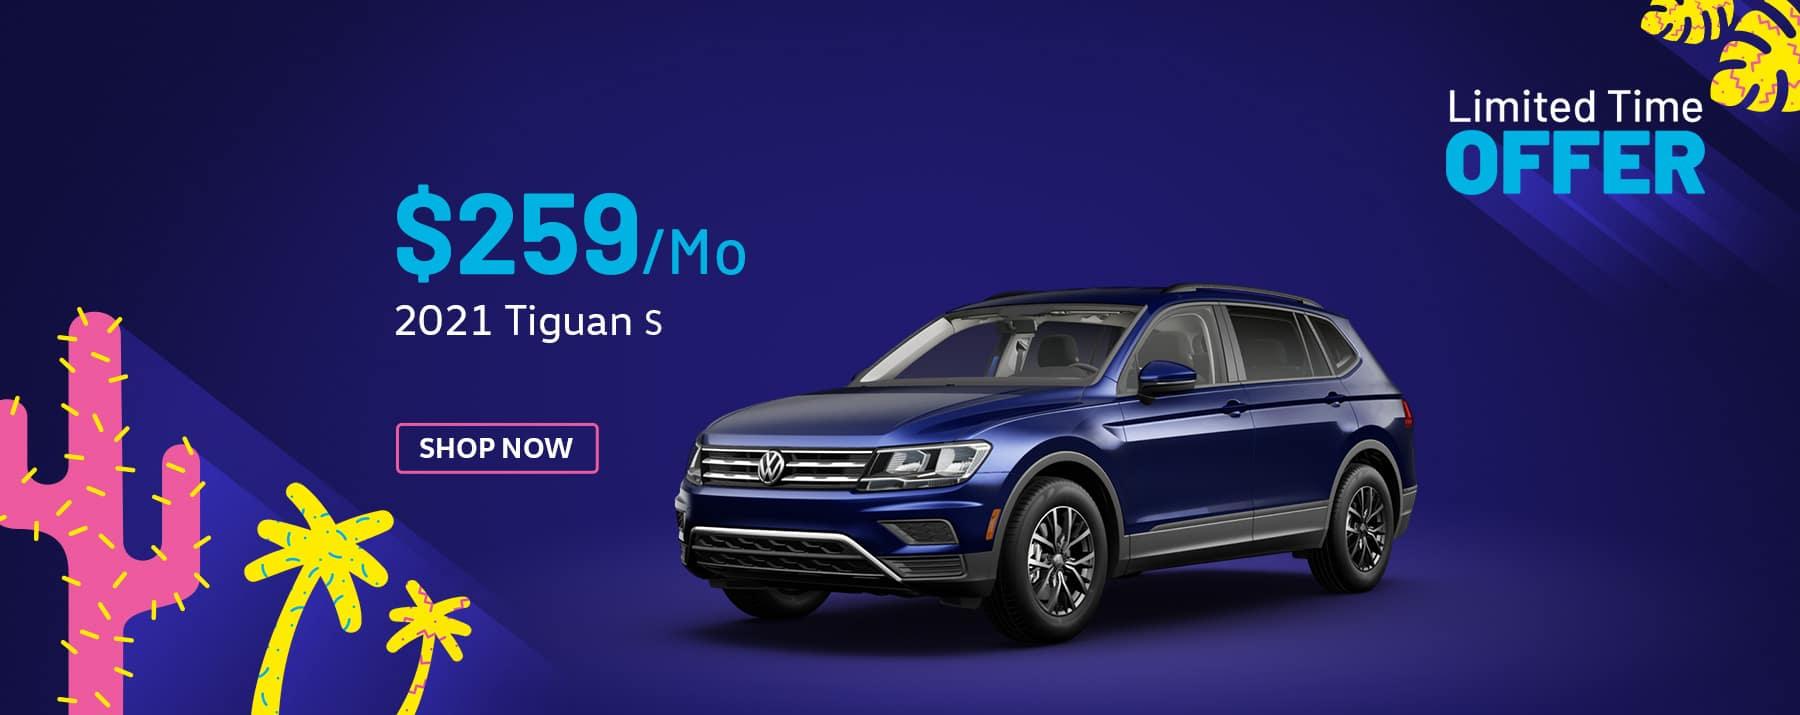 2021 VW Tiguan Special
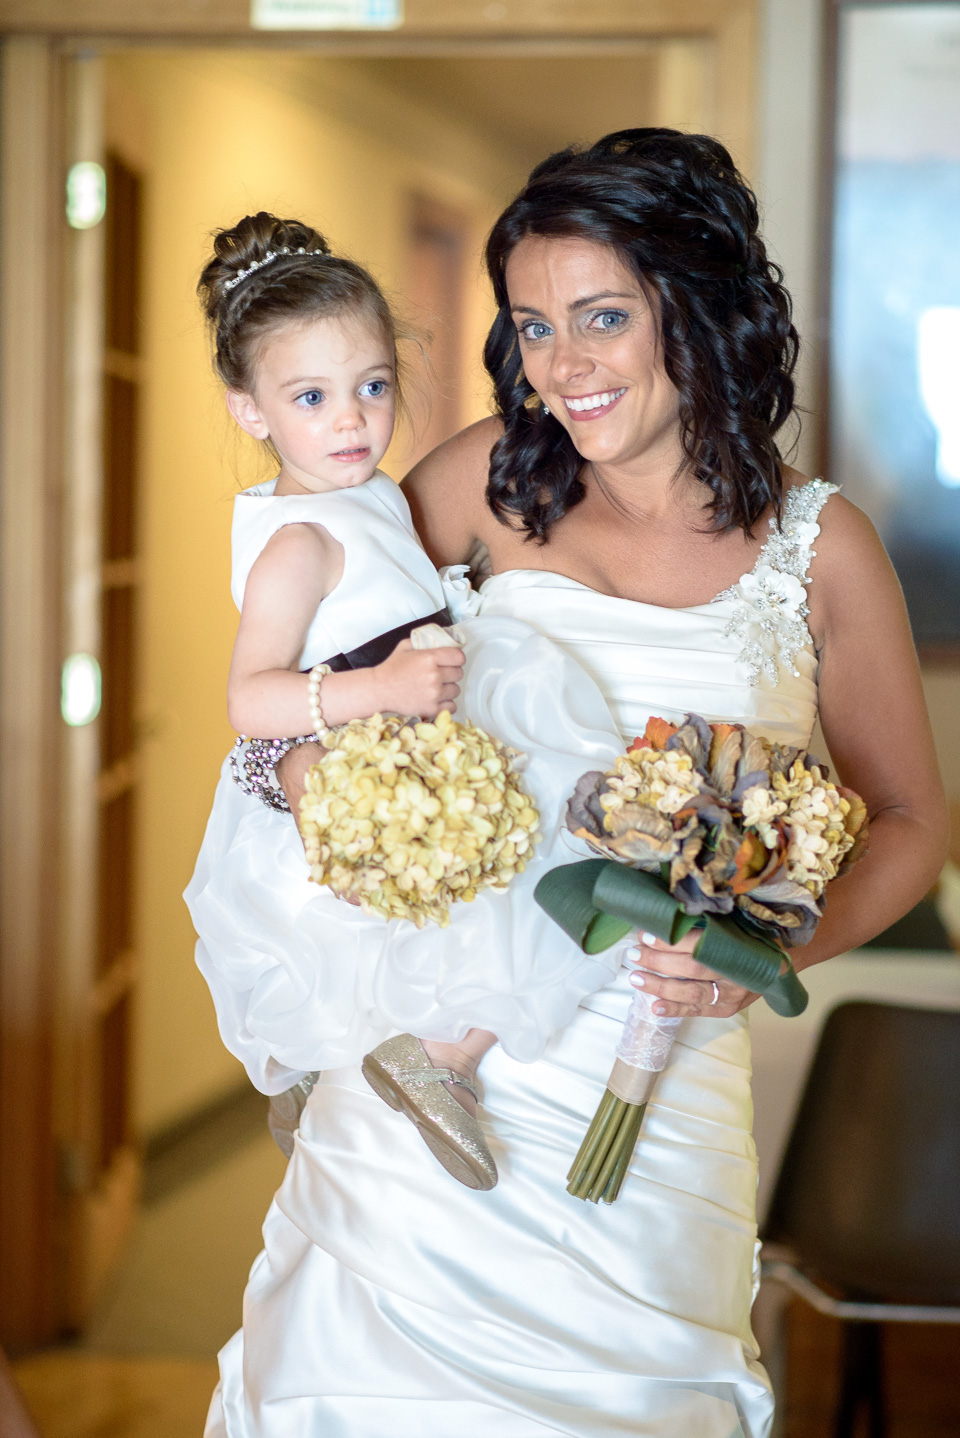 NIgel Fearon Photography | The LeBlanc Wedding-38.jpg
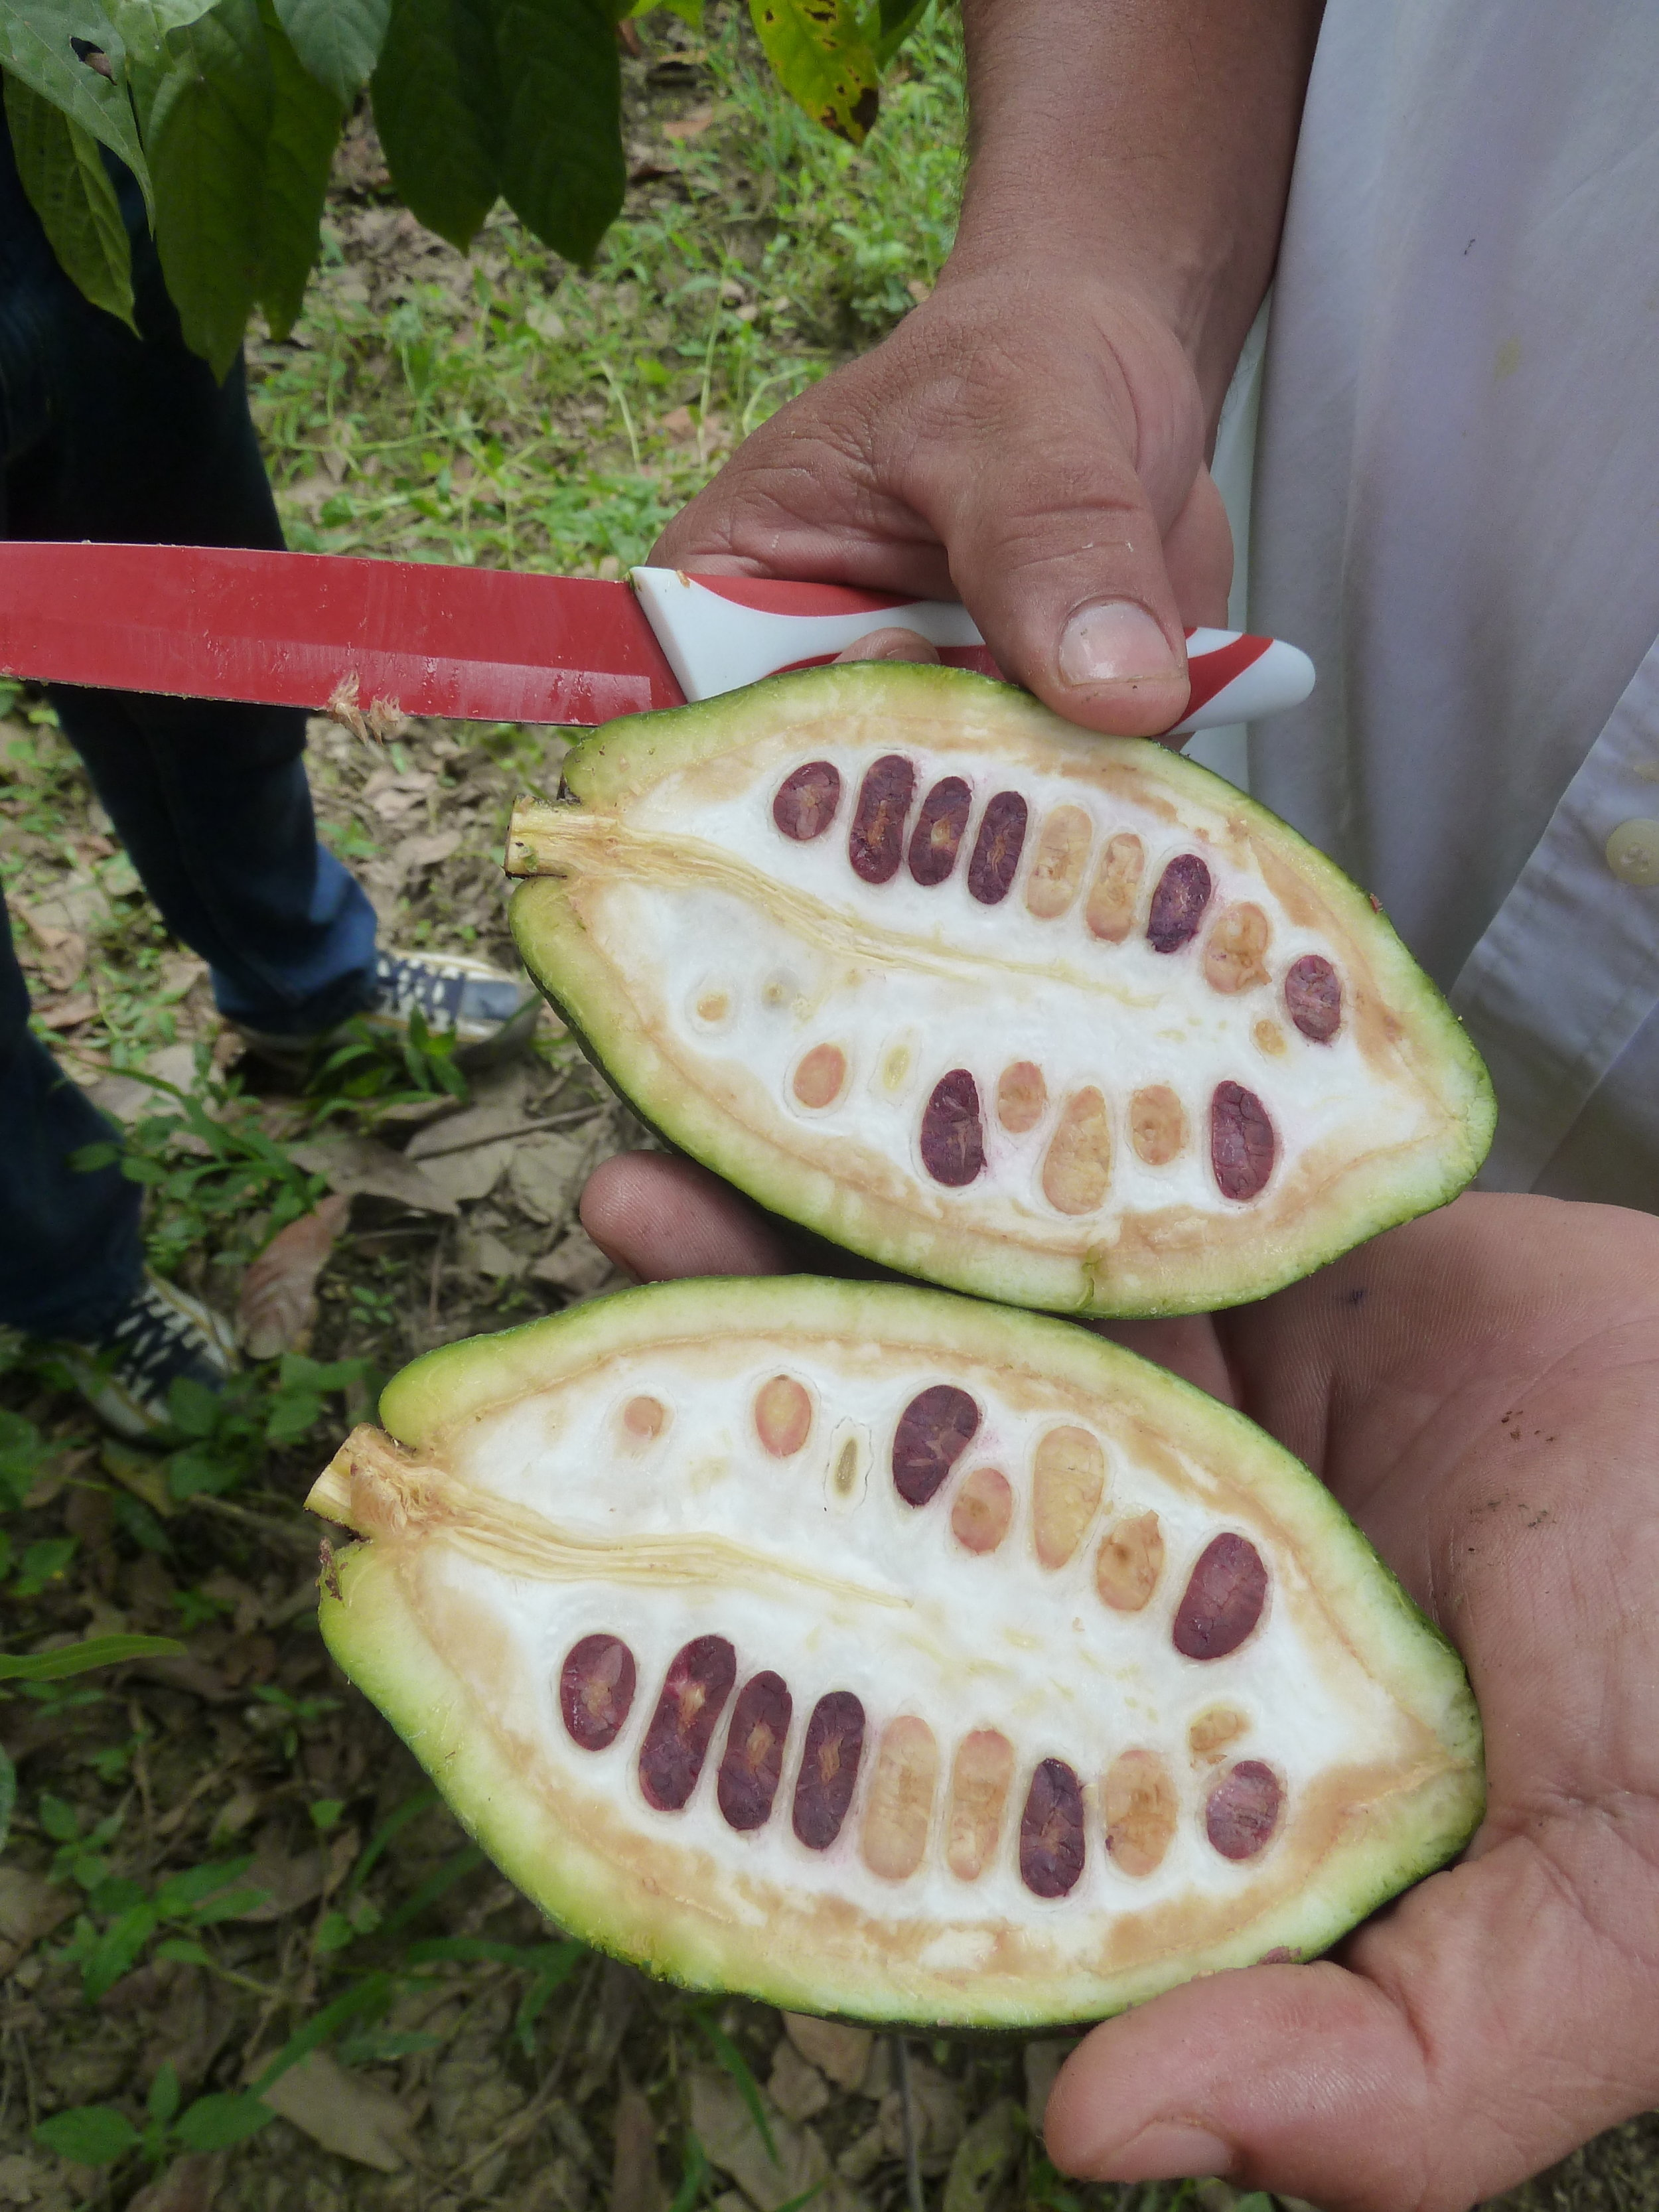 Garcoa Peru Chulucanas Kakao Porcelana.JPG
----
• PROBLEM DESCRIPTION
Exact transcription of the full listing above is required; images do not belong in it.

• YOUR RESPONSE
 2021 VW Tiguan Special
 NIgel Fearon Photography | The LeBlanc Wedding-38.jpg
 Garcoa Peru Chulucanas Kakao Porcelana.JPG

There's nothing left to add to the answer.